I get my time from my iPhone, which turns back an extra hour automatically, (will do so again tonight) rather than the clocks on appliances. I like that hour, as there’s a time for everything, even the chance for more sleep, something I blame pain more on than anything else when I don’t get enough of it.

Darker is the start of winter, but it is summer somewhere. Australia and New Zealand are down there, waiting for me, but life goes on until then. I go in to the colder, darker season in Canada with an appreciation for where I live. Christmas means darker, but with that five o’clock darkness, come Christmas lights. Christmas makes me happy. I let the additional hours of darkness bring me peace and reflection. I try not to focus on word meaning all of the time, letting my sensitivities get the better of me, but why is dark bad and light good anyway?

Our fears hide out there, just waiting for the right moment to leap out and scare us?

I’ve written about this before and probably can’t sum it up any better now, as Daylight Savings comes upon us for another year. I do wonder why and then my answer comes, as to why blindness is feared like it is. The idea of being left in darkness for the rest of one’s life is scary, I get it. Still, black and dark are so entrenched in our consciousness as things unwanted and feared. Whether it’s skin colour of another or a state of seeing/not seeing the world. Will we ever get away from such associations?

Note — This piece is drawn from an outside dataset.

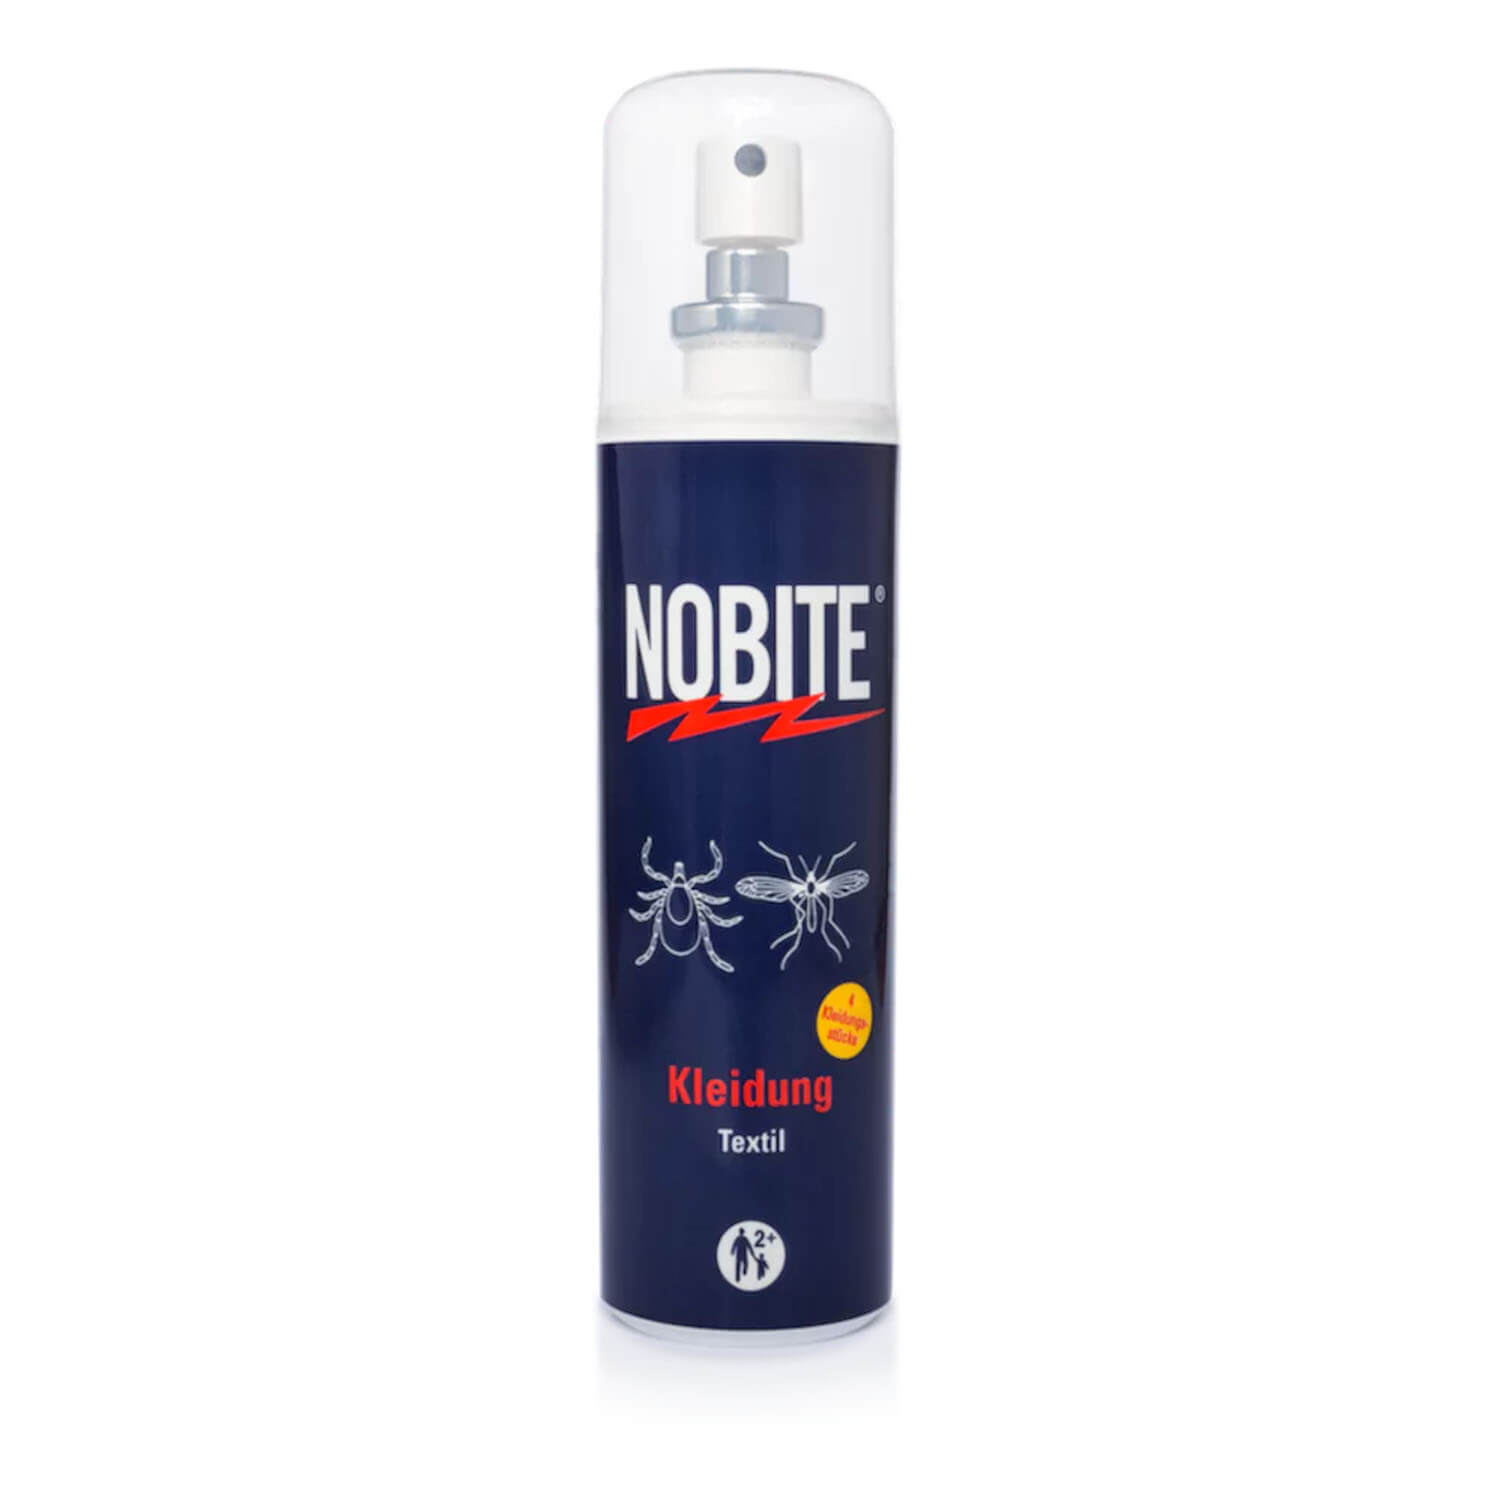 Nobite insectenbescherming Kleding spray 100ml - Insecten- & tekenbescherming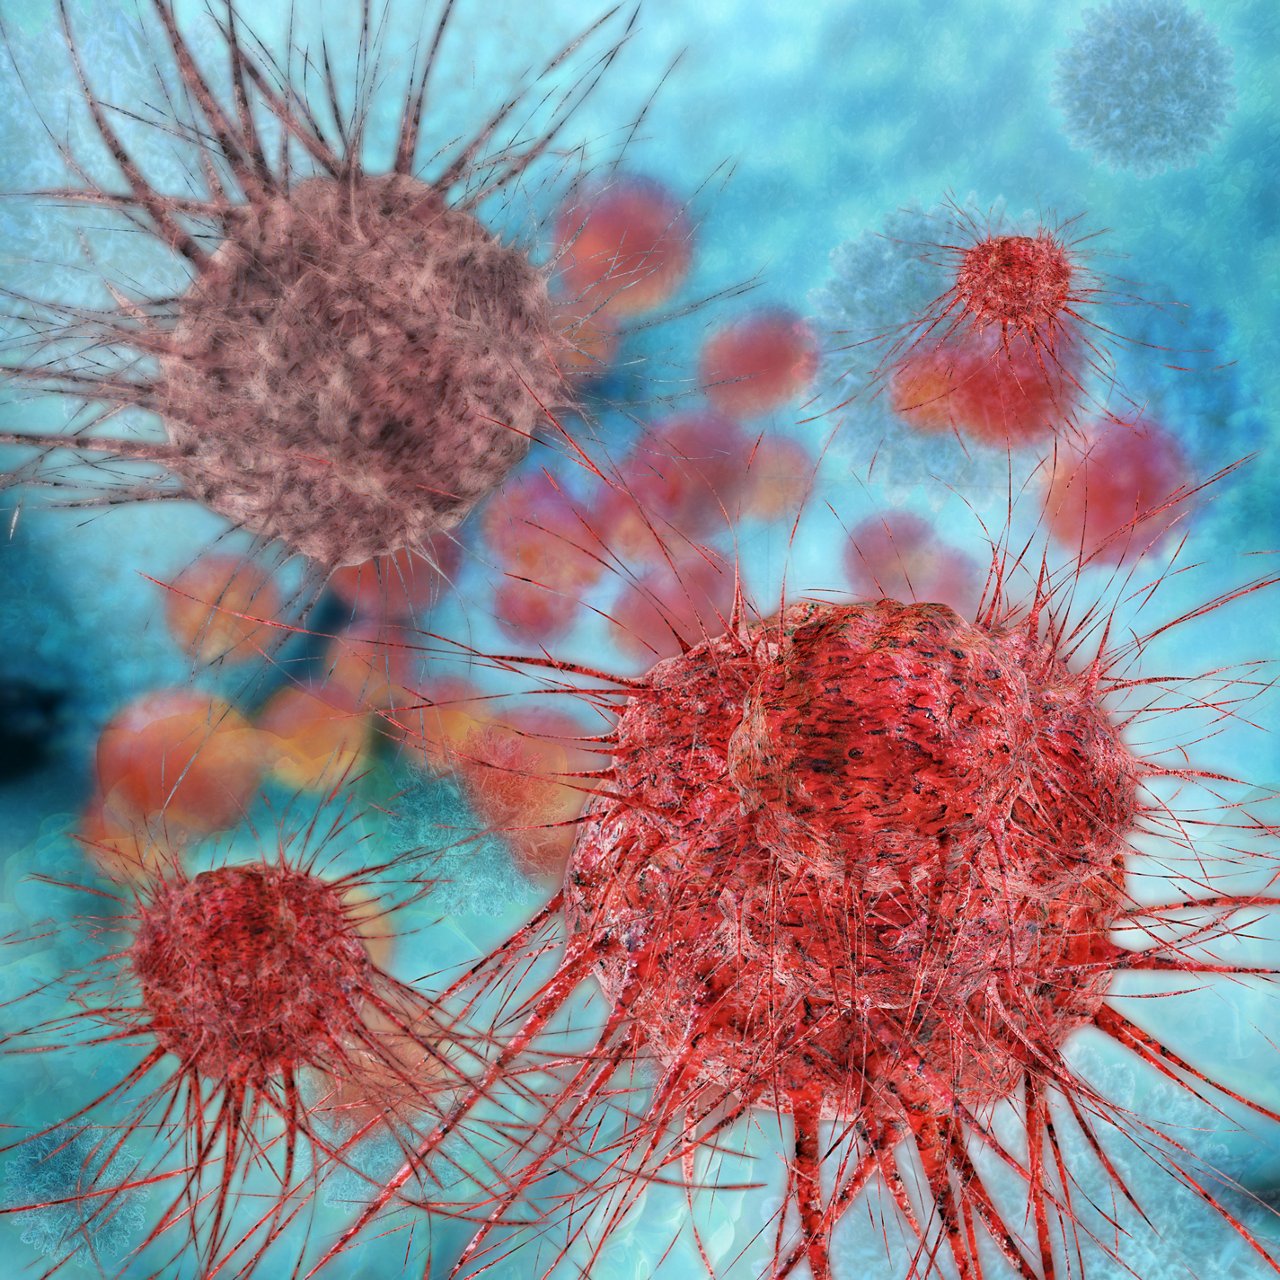 Darstellung mehrerer roter Zellen vor hellblauem Hintergrund

November is one of those more difficult months for me, at certain moments at least, as I look back over past experiences with these thirty days. Things happened to me in this month I won’t ever forget, things that have left solid impressions on the person I am.

Zooming out to a broader picture, it means solemn thoughts of war for Canada, with Remembrance Day (November 11th) and this year’s 100year anniversary in particular. I feel worse about the subject of war (the lessons we’ve learned and those we yet haven’t) than I do any dark morning or evening come too soon. Just as many lives were lost in the four years of World War I during bright, daylight hours, just as much death and carnage. Likely, more, as the armies needed the daylight hours to see what they were doing. Night would have been when it was smarter to hunker down in separate trenches wherever and whenever possible.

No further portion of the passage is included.